**Task instructions:** Give back, word for word, every line from the one containing "2015 Range Rover Evoque NW8 Special Edition" to the end of the listing, and nothing more.

**Records for the exercise:**
=== Section Start ===
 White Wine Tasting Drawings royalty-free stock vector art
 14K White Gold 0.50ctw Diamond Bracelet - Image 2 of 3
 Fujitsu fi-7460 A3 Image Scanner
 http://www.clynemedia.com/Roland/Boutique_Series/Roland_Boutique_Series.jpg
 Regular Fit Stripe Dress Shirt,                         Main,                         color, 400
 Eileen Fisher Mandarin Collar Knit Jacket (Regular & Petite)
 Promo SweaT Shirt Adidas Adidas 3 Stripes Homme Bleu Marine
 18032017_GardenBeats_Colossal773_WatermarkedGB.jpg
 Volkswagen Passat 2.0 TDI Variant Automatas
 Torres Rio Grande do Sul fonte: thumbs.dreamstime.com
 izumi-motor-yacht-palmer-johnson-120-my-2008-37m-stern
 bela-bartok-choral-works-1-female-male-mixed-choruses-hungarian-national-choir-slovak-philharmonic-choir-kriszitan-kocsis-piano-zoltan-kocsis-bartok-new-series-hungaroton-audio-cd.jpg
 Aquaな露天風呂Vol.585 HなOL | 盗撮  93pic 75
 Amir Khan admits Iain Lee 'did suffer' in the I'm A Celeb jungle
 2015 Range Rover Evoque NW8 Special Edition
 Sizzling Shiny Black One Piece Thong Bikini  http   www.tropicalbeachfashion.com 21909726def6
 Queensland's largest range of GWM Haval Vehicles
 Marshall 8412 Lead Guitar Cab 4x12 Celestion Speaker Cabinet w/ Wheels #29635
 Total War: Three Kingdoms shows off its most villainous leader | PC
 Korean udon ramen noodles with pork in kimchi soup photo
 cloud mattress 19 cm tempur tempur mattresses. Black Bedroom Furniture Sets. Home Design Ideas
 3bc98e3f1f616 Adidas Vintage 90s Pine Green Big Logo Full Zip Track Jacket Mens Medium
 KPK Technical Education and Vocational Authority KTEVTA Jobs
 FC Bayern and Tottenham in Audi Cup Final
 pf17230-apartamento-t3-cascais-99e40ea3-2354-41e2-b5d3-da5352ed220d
=== Section End ===
**Result below:**
 2015 Range Rover Evoque NW8 Special Edition
 Sizzling Shiny Black One Piece Thong Bikini  http   www.tropicalbeachfashion.com 21909726def6
 Queensland's largest range of GWM Haval Vehicles
 Marshall 8412 Lead Guitar Cab 4x12 Celestion Speaker Cabinet w/ Wheels #29635
 Total War: Three Kingdoms shows off its most villainous leader | PC
 Korean udon ramen noodles with pork in kimchi soup photo
 cloud mattress 19 cm tempur tempur mattresses. Black Bedroom Furniture Sets. Home Design Ideas
 3bc98e3f1f616 Adidas Vintage 90s Pine Green Big Logo Full Zip Track Jacket Mens Medium
 KPK Technical Education and Vocational Authority KTEVTA Jobs
 FC Bayern and Tottenham in Audi Cup Final
 pf17230-apartamento-t3-cascais-99e40ea3-2354-41e2-b5d3-da5352ed220d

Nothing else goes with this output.